To cover our state’s unemployment benefits, premiums on employers could rise to an average of $936 per worker. Previously, the 2020 expected figure was $317, one-third of the new projection. Employers who have had more layoffs could see an even higher per-employee increase.

With the growth of unemployment and the expectation of it continuing to increase, premiums are projected to triple by 2022 and employers are searching for ways to limit their costs. 

What can employers do to control costs? Employers should consider contesting claims that may be ineligible or fraudulent. A few examples are an employee who quit, was fired for disqualifying misconduct, or refused a valid offer to return to work.
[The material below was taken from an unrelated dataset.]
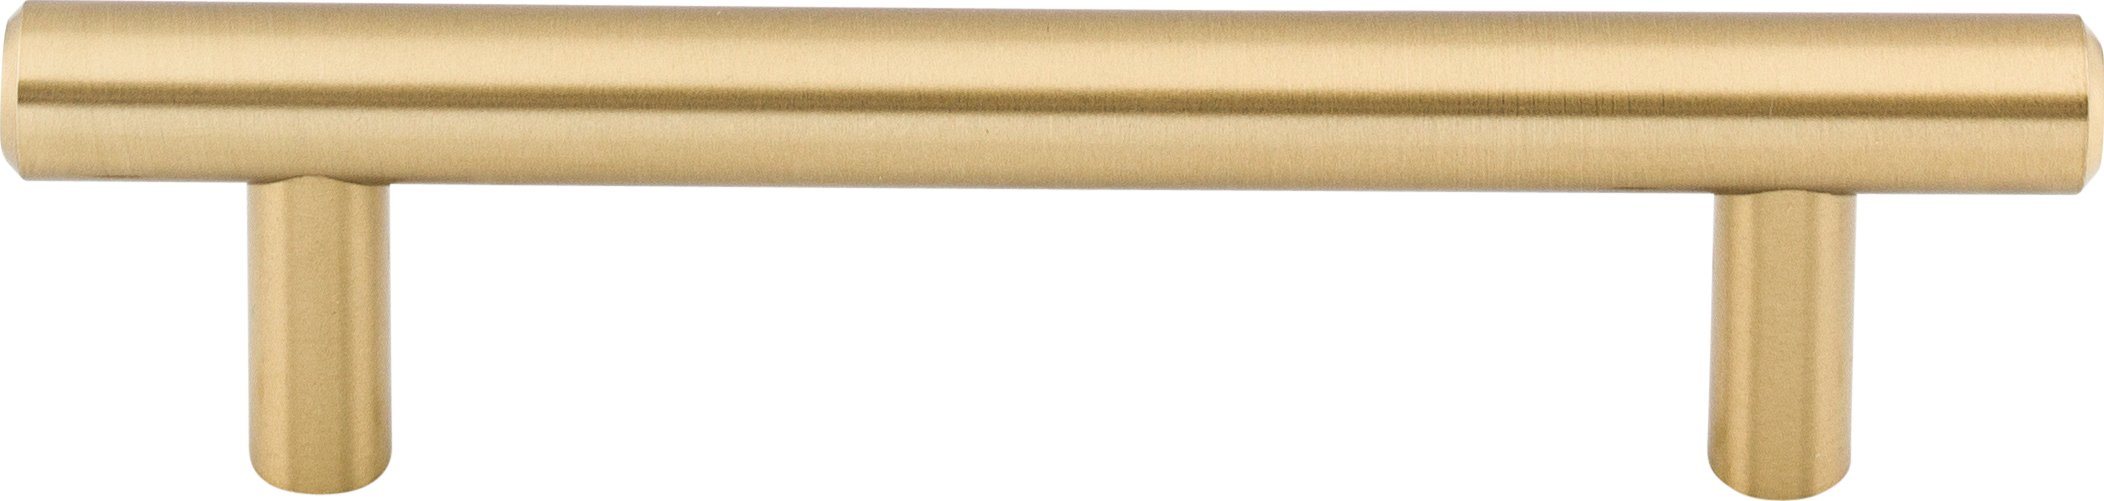 Top Knobs M2419 3-3/4in (96mm) Hopewell Bar Pull Honey Bronze - KnobDepot

Employers should know that each awarded claim can affect their unemployment insurance premiums for four years, and focusing on fighting improper claims would limit some of those costs. 

While an employee quitting usually makes the employee ineligible for benefits, the Employment Security Department outlines how employees can be eligible for benefits if they quit for “good cause” reasons as follows:

  • You quit to take another job.
  • You became sick or disabled, or a member of your family became sick, disabled, or died, and it was necessary for you to quit work.
  • You moved to be with your spouse or domestic partner whose job is outside your labor market area.
  • You needed to protect yourself or immediate family members from domestic violence or stalking.
  • Your employer reduced your usual pay or hours of work by 25 percent or more.
  • Your employer changed the location of your job so your commute is longer or harder.
  • You told your employer about a safety problem at work, and your employer did not fix the problem quickly.
  • You told your employer about an illegal activity at work, and your employer did not stop the activity quickly.
  • Your employer changed your usual work, and the work now goes against your religious or moral beliefs.
  • You entered approved apprenticeship training.
  • You started approved training under the Trade Act.
  • You worked full-time and part-time jobs at the same time, and you quit the part-time job—and then were later laid off from the full-time job.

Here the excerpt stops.